Graduate Institute of Pharmaceutical Chemistry, China Medical University, Taichung, Taiwan.
J Biomed Sci. 2011 Jun 20;18(1):44. doi: 10.1186/1423-0127-18-44.
Damage-associated molecular patterns (DAMPs) are associated with immunogenic cell death and have the ability to enhance maturation and antigen presentation of dendritic cells (DCs). Specific microtubule-depolymerizing agents (MDAs) such as colchicine have been shown to confer anti-cancer activity and also trigger activation of DCs.
In this study, we evaluated the ability of three MDAs (colchicine and two 2-phenyl-4-quinolone analogues) to induce immunogenic cell death in test tumor cells, activate DCs, and augment T-cell proliferation activity. These MDAs were further evaluated for use as an adjuvant in a tumor cell lysate-pulsed DC vaccine.
The three test phytochemicals considerably increased the expression of DAMPs including HSP70, HSP90 and HMGB1, but had no effect on expression of calreticulin (CRT). DC vaccines pulsed with MDA-treated tumor cell lysates had a significant effect on tumor growth, showed cytotoxic T-lymphocyte activity against tumors, and increased the survival rate of test mice. In vivo antibody depletion experiments suggested that CD8+ and NK cells, but not CD4+ cells, were the main effector cells responsible for the observed anti-tumor activity. In addition, culture of DCs with GM-CSF and IL-4 during the pulsing and stimulation period significantly increased the production of IL-12 and decreased production of IL-10. MDAs also induced phenotypic maturation of DCs and augmented CD4+ and CD8+ T-cell proliferation when co-cultured with DCs.
Specific MDAs including the clinical drug, colchicine, can induce immunogenic cell death in tumor cells, and DCs pulsed with MDA-treated tumor cell lysates (TCLs) can generate potent anti-tumor immunity in mice.
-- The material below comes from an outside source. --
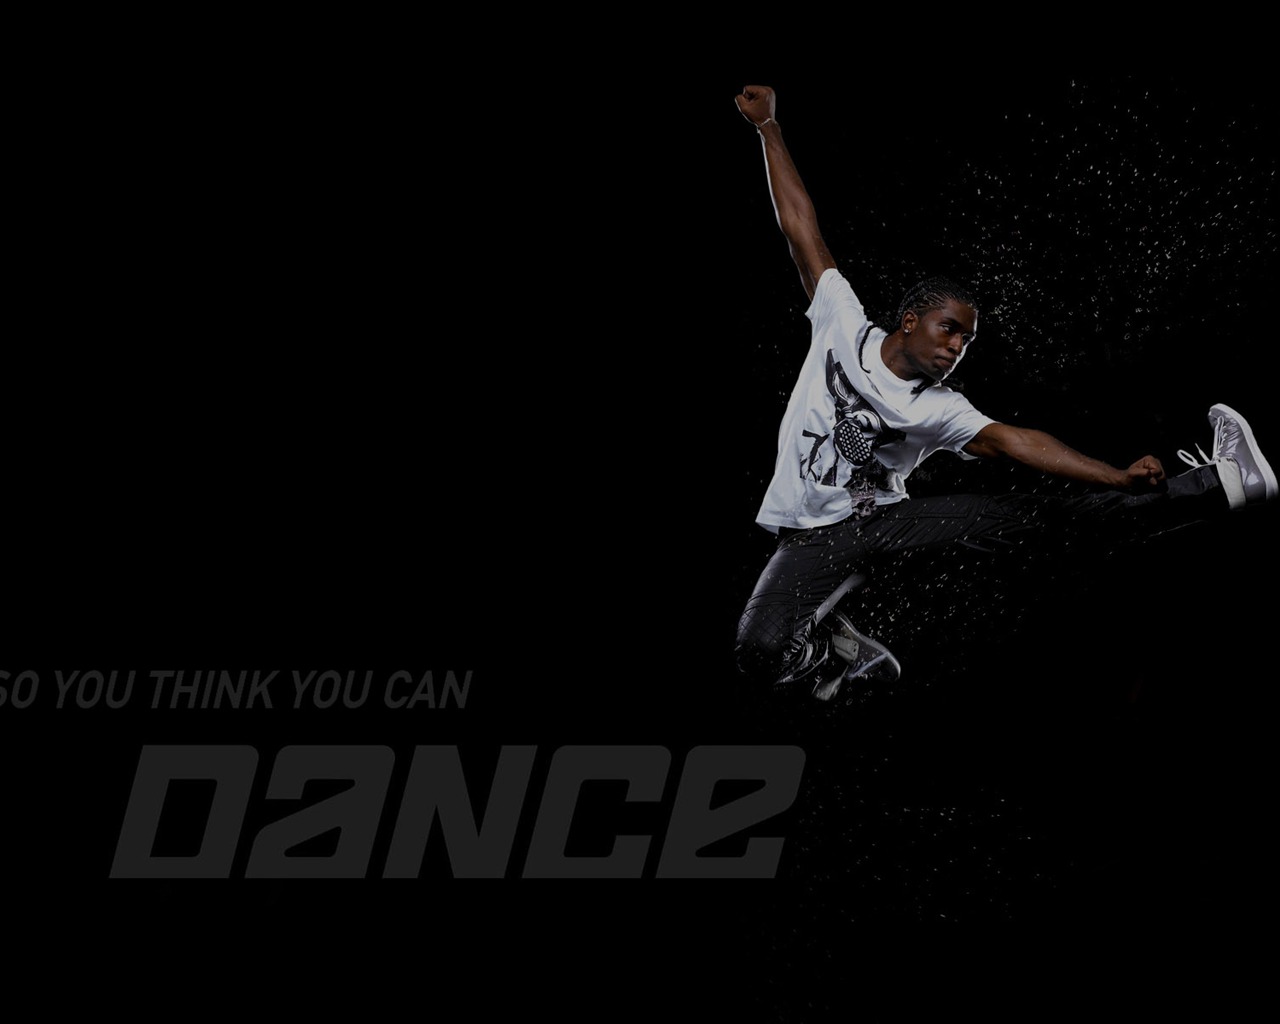 So You Think You Can Dance 舞林争霸 壁纸(二)4 - 1280x1024

This approach may warrant future clinical evaluation as a cancer vaccine.
损伤相关分子模式(DAMPs)与免疫原性细胞死亡有关,具有增强树突状细胞(DC)成熟和抗原呈递的能力。已证实特定的微管解聚剂(MDAs),如秋水仙碱,具有抗癌活性,并能触发 DC 的激活。
在本研究中,我们评估了三种 MDAs(秋水仙碱和两种 2-苯基-4-喹诺酮类似物)在测试肿瘤细胞中诱导免疫原性细胞死亡、激活 DC 并增强 T 细胞增殖活性的能力。这些 MDAs 进一步评估了作为肿瘤细胞裂解物脉冲 DC 疫苗的佐剂的用途。
三种测试植物化学物质显着增加了 DAMPs 的表达,包括 HSP70、HSP90 和 HMGB1,但对钙网蛋白(CRT)的表达没有影响。用 MDA 处理的肿瘤细胞裂解物脉冲的 DC 疫苗对肿瘤生长有显著影响,显示出对肿瘤的细胞毒性 T 淋巴细胞活性,并提高了实验小鼠的存活率。体内抗体耗竭实验表明,负责观察到的抗肿瘤活性的主要效应细胞是 CD8+和 NK 细胞,而不是 CD4+细胞。此外,在脉冲和刺激期间用 GM-CSF 和 IL-4 培养 DC 显着增加了 IL-12 的产生并降低了 IL-10 的产生。MDAs 还诱导了 DC 的表型成熟,并在与 DC 共培养时增强了 CD4+和 CD8+T 细胞的增殖。
包括临床药物秋水仙碱在内的特定 MDAs 可诱导肿瘤细胞发生免疫原性细胞死亡,用 MDA 处理的肿瘤细胞裂解物脉冲的 DC 可在小鼠中产生强大的抗肿瘤免疫力。这种方法可能值得未来作为癌症疫苗进行临床评估。